Flying cars – they used to be the stuff of science fiction movies where every day ordinary-looking cars sprouted wings, concealed jet-engines or ducted fans took off from a road and flew away.
For over eighty years inventors have been tinkering with the idea of a practical roadable aircraft. Some flew and some didn’t and a great many didn’t make it past the drawing board. The most successful of them all, then, which actually flew, was Moulton Taylors Aerocar of 1949; it drove like an ordinary car and had detachable wings which you towed behind and affixed them once you got to an airfield.Unfortunately, despite its popularity it never made it into production.
With a flying car it means you can take –off from an airstrip, close to your home, soar over the grid-locked traffic below, land close to your destination and drive the rest of the way.
Recently there has been a renewed interest in flying cars and the new concepts fall into three distinct categories:
- Uses folding or retractable wings.
- Uses fold-back rotors.
- Is suspended beneath a para-foil or ‘oblong’ parachute.
Terrafugia Transition is a 2-seater roadable aircraft that has a pair of wings that fold along its sides. For flight operation the two wings unfurl like a jet-fighter on an aircraft carrier and a pusher propeller situated in the rear propels it forward. Its small enough to fit into a home garage and can go up to 110km/h on the road.

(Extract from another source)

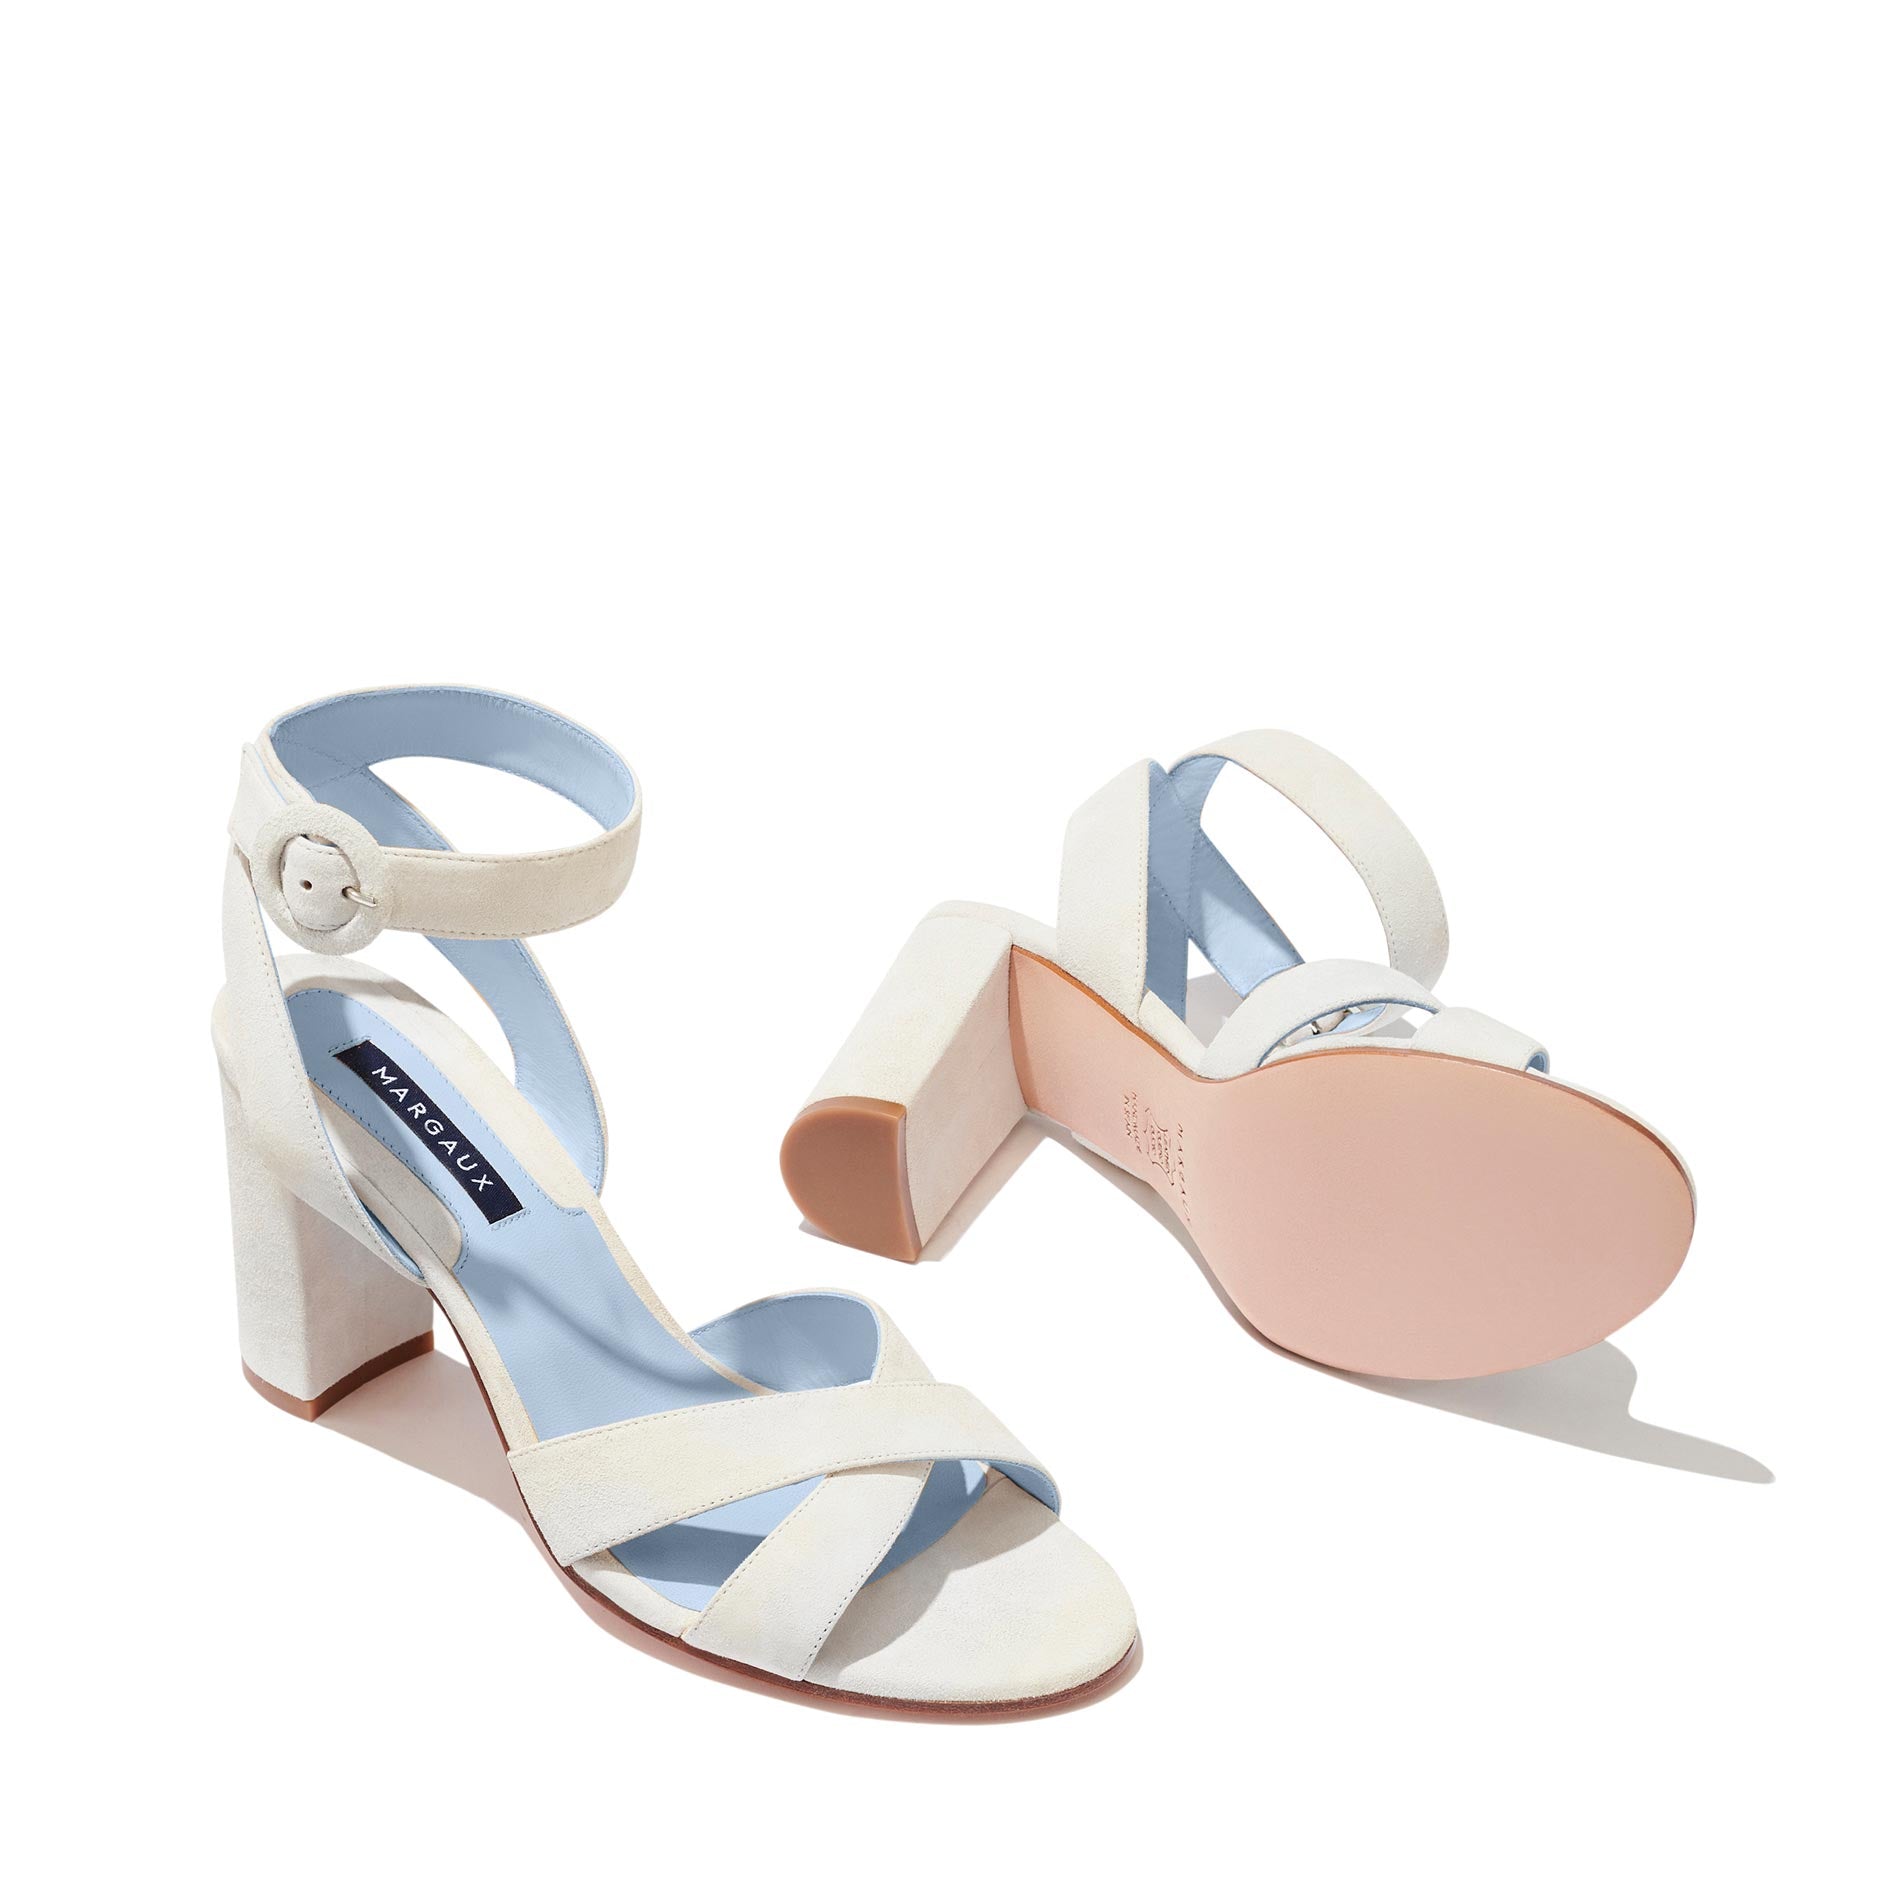 ivory - suede, blue

The Aeromobil 3.0 on the other hand has wings that retract into the vehicles body, like a beetle, for road operation. When it’s ready to fly the wings slide out, aided by hydraulic mechanism and it’s powered by a pusher propeller. In the event of a mishap a ballistic parachute lowers the vehicle and the occupants safely to the ground. This( – parachute) proved to be a lifesaver when a prototype suffered a fault in 2015 and crashed saving the life of the pilot with only minor damage to the vehicle.
The next class of flying cars such as the PAL-V uses rotors rather than wings to fly. Looking very much like a mini-helicopter it works on the principle of a gyrocopter; the rotors spin around freely as a result of the vehicles forward motion through the air rather than driven by an engine like a helicopter. To drive on the road the rotors are folded back manually and stowed away on top of the vehicle. The current 3-wheel PAL-V prototype has STOL capabilities, does 170 km/h on the road and up to 180km/h in the air.
Using this concept, DARPA, the American research agency is developing a 4-wheel drive flying ATV called Transformer TX that will be able to ferry up to four troops in and out of battlefields.
The third category of flying cars is the easiest to build and fly. Based on the sport of powered para-gliding it’s basically a propeller powered dune buggy suspended beneath a large parachute. Very simple in concept all it needs to fly is forward motion to inflate the parachute canopy from which it is suspended. In 2009 a British team flew the Parajet skycar from London to Timbuktu on a 42-day expedition that took them through France, Spain, Morocco, across the Sahara desert to Mauritania and Mali flying all the way and only stopping to refuel or rest. The vehicle required very little maintenance and is currently available to buy.
Anyone wishing to procure a flying car in the not too distant future will have to have at least a private pilot’s licence in addition to a driving licence. Learning to fly them will require anything up to twenty hours of additional training that will be provided by the manufacturers. Flying them shouldn’t be too difficult to flying a plane as most of them will come with state-of-the-art-fly-by-wire systems that will make them, theoretically, un-crashable and easy to fly.
Classified as experimental aircrafts, users will be required to stay out of controlled airspace, built-up areas and flying at night will be forbidden.
So if you’re fed up of being stuck in ‘go-slow’ all the time why not get yourself a flying car (- if you can afford one!) and soar high above the traffic gridlock every day?